SDJustus commented 3 years ago

this is my implementation (did not fetch your latest backbone refactoring yet):

from typing import Tuple

from torch import Tensor
from torch.nn import Module
from efficientnet_pytorch import EfficientNet

class EfficientNetB5(Module):
    embeddings_size = 448
    num_patches = 32 * 32

    def __init__(self) -> None:
        super().__init__()
        self.efficientnetb5 = EfficientNet.from_pretrained('efficientnet-b5')

    def forward(self, x: Tensor) -> Tuple[Tensor, Tensor, Tensor]:
        """Return the three intermediary layers from the EfficientNetB5
        pre-trained model.
        Params
        ======
            x: Tensor - the input tensor of size (b * c * w * h)
        Returns
        =======
            feature_1: Tensor - the residual from layer 1
            feature_2: Tensor - the residual from layer 2
            feature_3: Tensor - the residual from layer 3
        """
        x = self.efficientnetb5._conv_stem(x)
        x = self.efficientnetb5._bn0(x)

        feature_not_using_1 = self.efficientnetb5._blocks[0](x)
        feature_1 = self.efficientnetb5._blocks[1](feature_not_using_1)
        feature_not_using_2 = self.efficientnetb5._blocks[2](feature_1)
        feature_2 = self.efficientnetb5._blocks[3](feature_not_using_2)
        feature_3 = self.efficientnetb5._blocks[4](feature_2)

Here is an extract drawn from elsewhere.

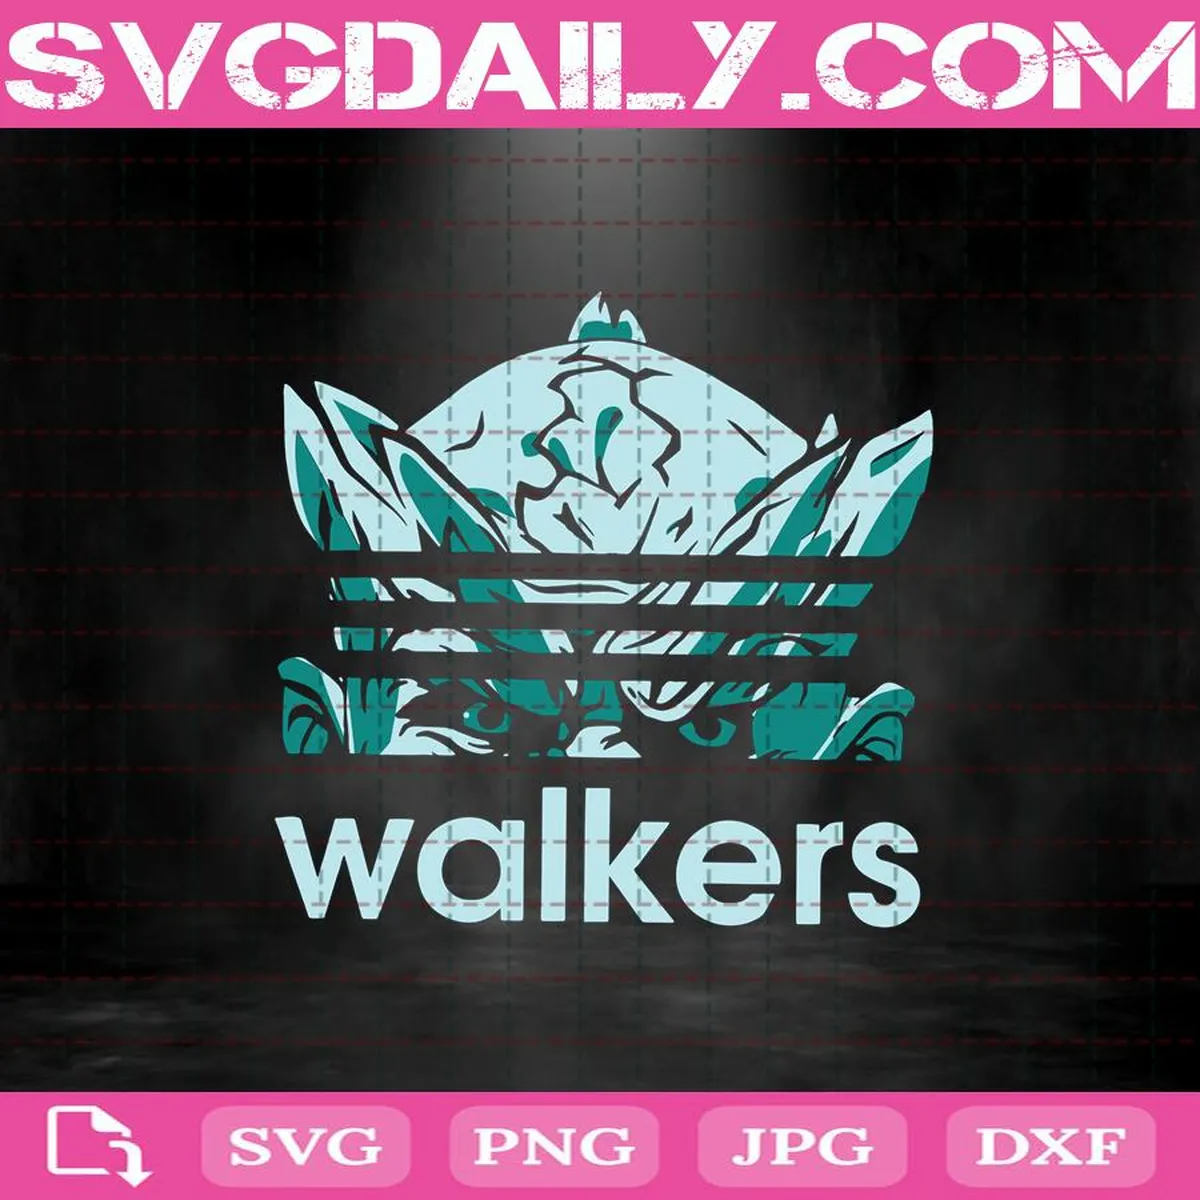 Walkers Svg, Cricut Files, Clip Art, Instant Download, Digital Files, Svg, Png, Eps, Dxf
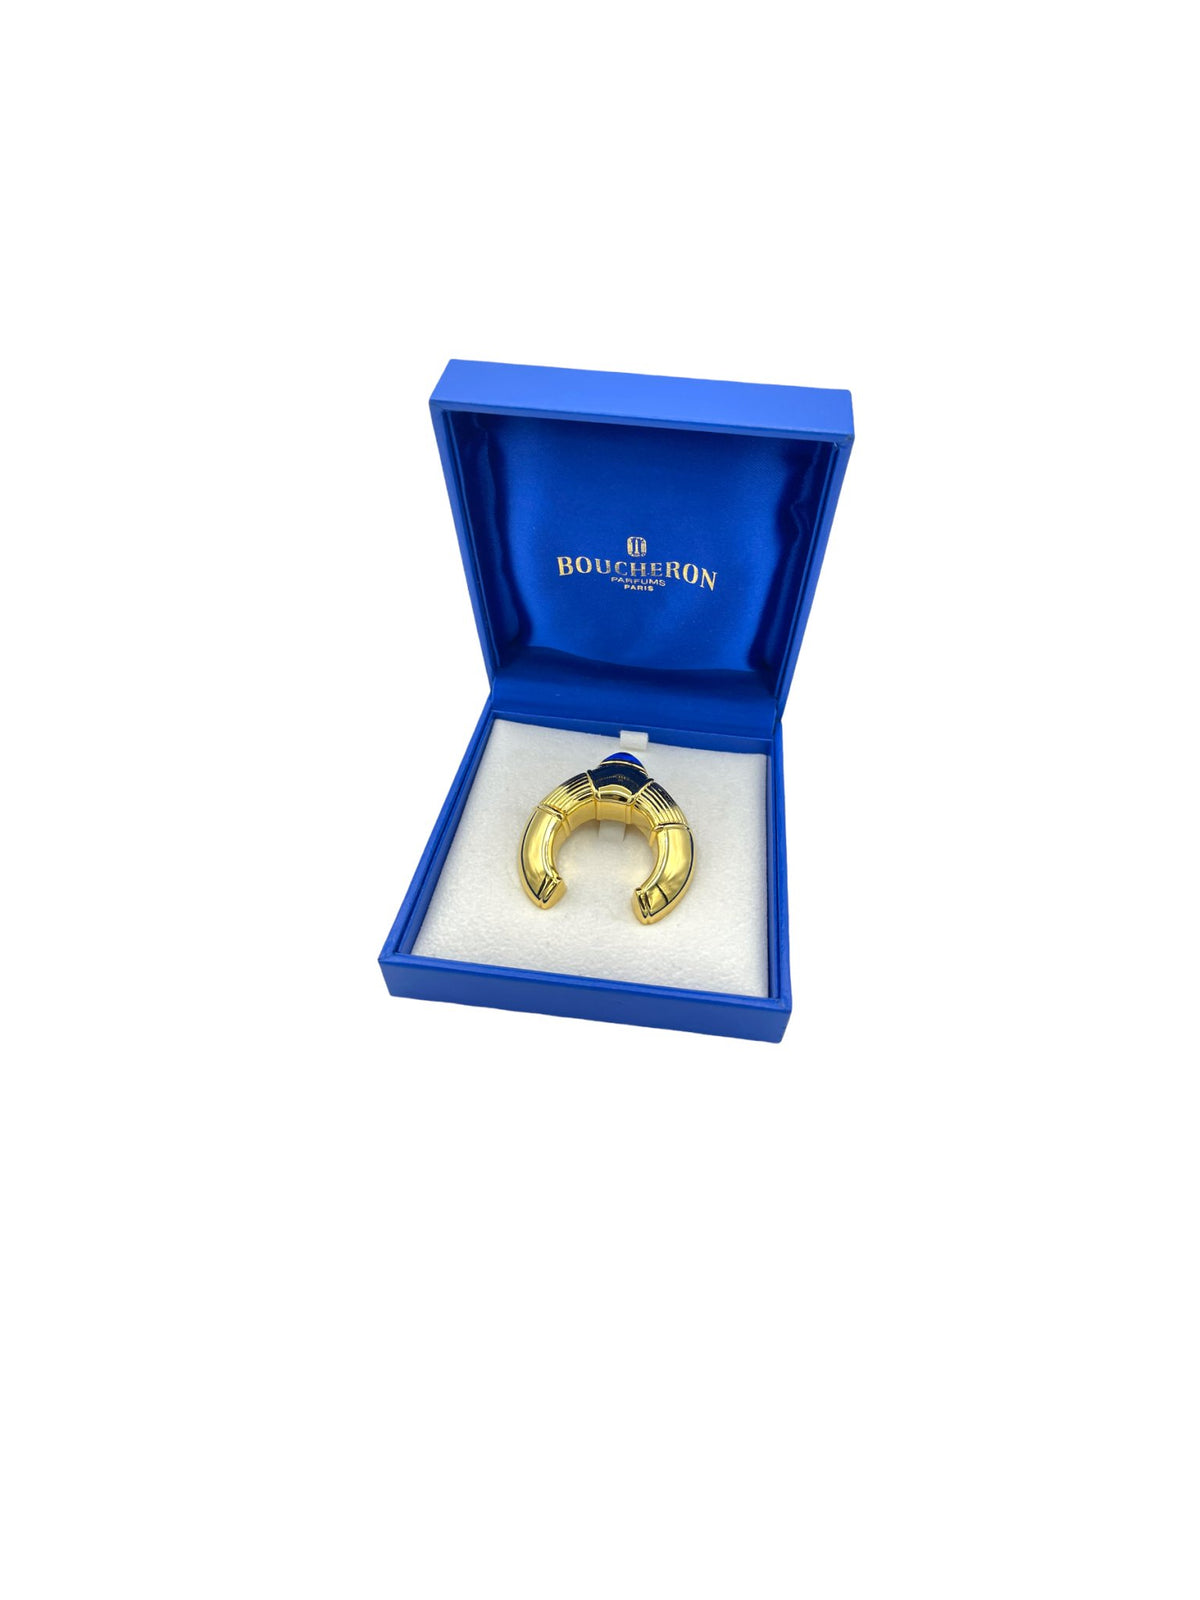 Boucheron Parfums Paris Gold Purfume Bottle Vintage Brooch - 24 Wishes Vintage Jewelry

        return feature_1, feature_2, feature_3

sadly, the embedding_size is wrong (copied from resnet-18)

Pangoraw commented 3 years ago

The embedding size is the sum of the channel depth of feature_1, feature_2 and feature_3.

l1 = feature_1.size(1)
l2 = feature_2.size(1)
l3 = feature_3.size(1)
num_embeddings = l1 + l2 + l3
SDJustus commented 3 years ago

sorry for the late response. Closing this issue. Thank your very much for answering!